Reza Aramesh

Deconstructing identities; scrutinizing and pulling apart the fabric of contemporary culture to reveal the fragility of the very notion of society, ethnicity, and identity: this is the essence of Reza Aramesh.

Aramesh, an Iranian-born British citizen and artist, who moved to London at the age of fifteen unable to speak a word of English, knows firsthand the inherent dangers in forming stereotypes and preconceptions of those around you. Perhaps the old cliché runs true: what you see is NOT what you get. In the case of Aramesh’s work this is particularly valid. Reza, who graduated with a Masters from Goldsmiths, London, deals with subject matter that is quite heavy and philosophically laden. There is no easy answer.

His work, though political, has quite a humourous element running through it; an element that is highly important to him as he feels that humour creates a distance with which to critique culture. One gets the sense, when talking to him, that he uses humour as a tool rather than merely a means of making people laugh: humour often serves as a way of breaking down awkward situations, of making people feel at ease, perhaps even when they shouldn’t. It’s interesting with Aramesh that as much as he wants to break down the constructs and structures of society, he avoids them. He states that he consciously avoids anything that could possibly dictate rules or impose bonds unto him, and one can see this obsessive aversion to authority in his work.

I am a believer (March 2006 at Watermans), which takes the traditional Changing of the Guard ceremony and re-enacts it in Trafalgar Square, subverts the very meaning of this ceremony. Aramesh advertised, in various newspapers and publications, for males (of which roughly 99% were second-generation British) to perform the ceremony, dressed in black suits, to the sounds of a brass band playing azi youth marching music. Aramesh categorizes the work as a collage, a mixing of various influences and ideas (black suits to reference Malcolm X; Nazi youth music to reference Hitler and Nazism, etcetera) in order to call into question the ceremony itself: the tradition is in effect bogus and meaningless; still extant as a result of the inability of British society to let go of the traditions and acts which subsequently define the British identity. Aramesh is questioning the fact that identity could be fixed: he states that we can only define our identity within the very split-second that you do so, within moments that definition changes, shifts according to your situation and beliefs. Aramesh would argue that we rely on this idea of a definable identity because without it we are left confused and disorientated: the world is a dynamic entity and the current political, economic, and social climate has left us upset about our future within it. By turning to the past, glorifying traditions, and arguing that the present world state is worse than it was historically, we can somehow appease our fears. Aramesh argues that this regression to the past, this citation of history as a form of psychological appeasement, is detrimental to contemporary society. This avoidance of the present ensures that the present is swept under the carpet and therefore not dealt with: by numbing ourselves to the world we avoid the reality of the present.

Aramesh’s work is performative, yet he never uses his own body.
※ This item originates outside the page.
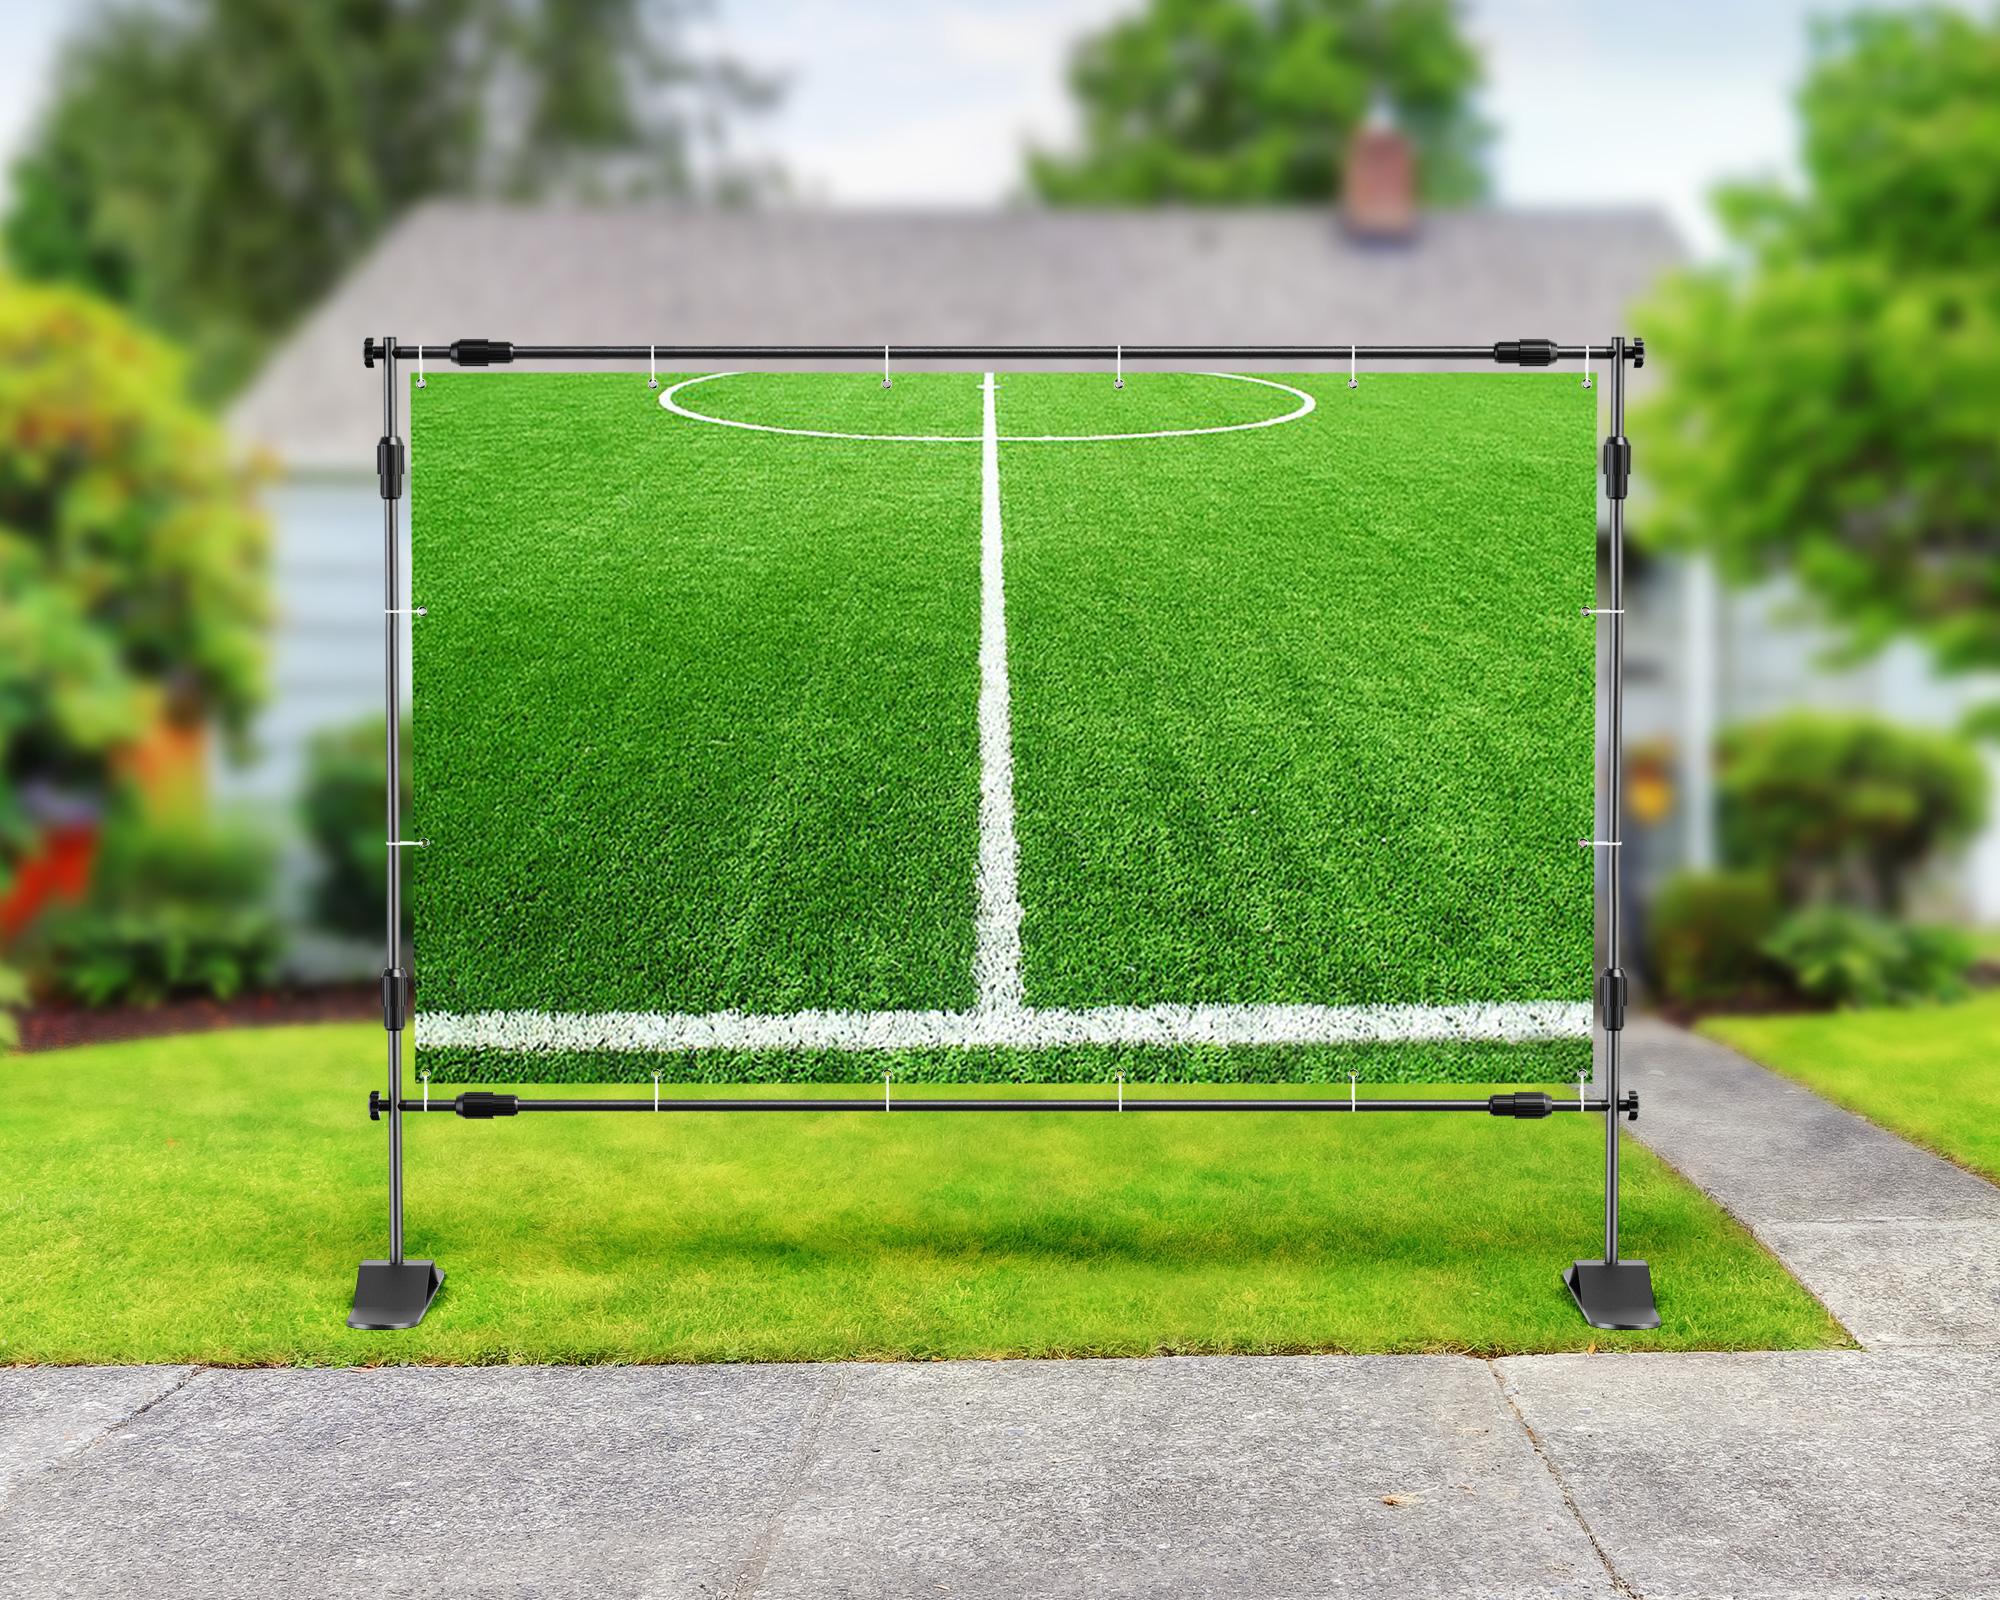 voetbal spandoek met voetbalveld als achtergrond

Rather than use his own body as the signifying entity, and subsequently placing his own identity as an artist into the forefront, Aramesh utilizes others. These “actors”, if you will, are anonymous, their identities are never revealed and, with a work such as Car Boot Sale (2004), are physically masked: in this work the two males, who are selling palm trees out of the back of their car, wear balaclavas, thereby masking their most significant visual recognition tool, the face. In this work the viewer is stripped of clues, and in turn are forced to use the objects placed before them as clues as to Aramesh’s meaning: the palm tree, which figures in much of his work, signifies the “exotic,” the Other, but is presented as an object for consumption (in much the same way that we consume stories, stereotypes, and myths about the Other, in this instance the viewer consumes the physical manifestation of that).
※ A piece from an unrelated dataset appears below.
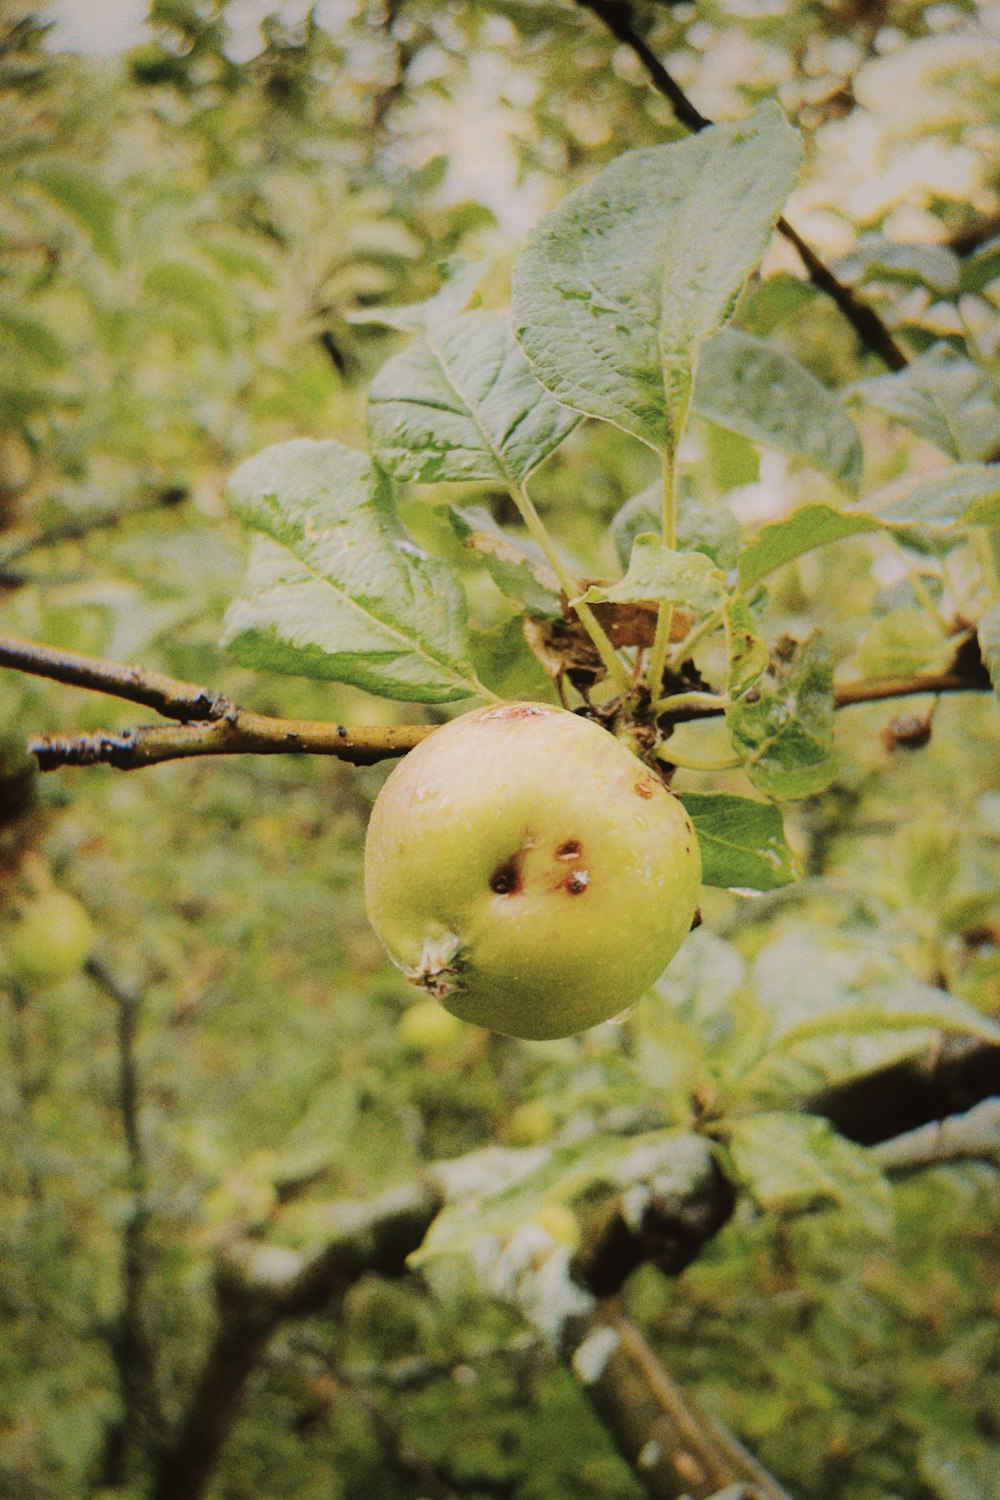 green apple fruit on tree branch

Though Aramesh uses a palm tree to question the artificial constructs of identity he is by no means interested in the physical land or site as a tool with which to categorize a subject’s place in the world; if anything he finds this, the land and ideas of nationhood, to be inherently dynamic and meaningless. Francis Alÿs, who uses the physical environment in much of his work as a backdrop from which to frame a revolutionary act, is interested in the land as a defining factor of identity whilst Aramesh investigates the emotional connections between people as the basis of forming awareness, not an identity. Constructs, rituals, habits, these are the structures of society and it is specifically these, which Aramesh finds so tiring, and burdensome, stating at one point that, “we can be so pedantic about rituals.”

Aramesh has, in the words of Nicolas Bourriaud, “learn[ed] to inhabit the world in a better way.” He does not merely take for granted the way in which contemporary society operates but instead probes into its theoretical underpinnings and breaks them down until all that remains are the fragments of ideas. The next question to be asked is “Who is to build it up again.” to which Aramesh would probably reply “No-one, let it just be”. But can we?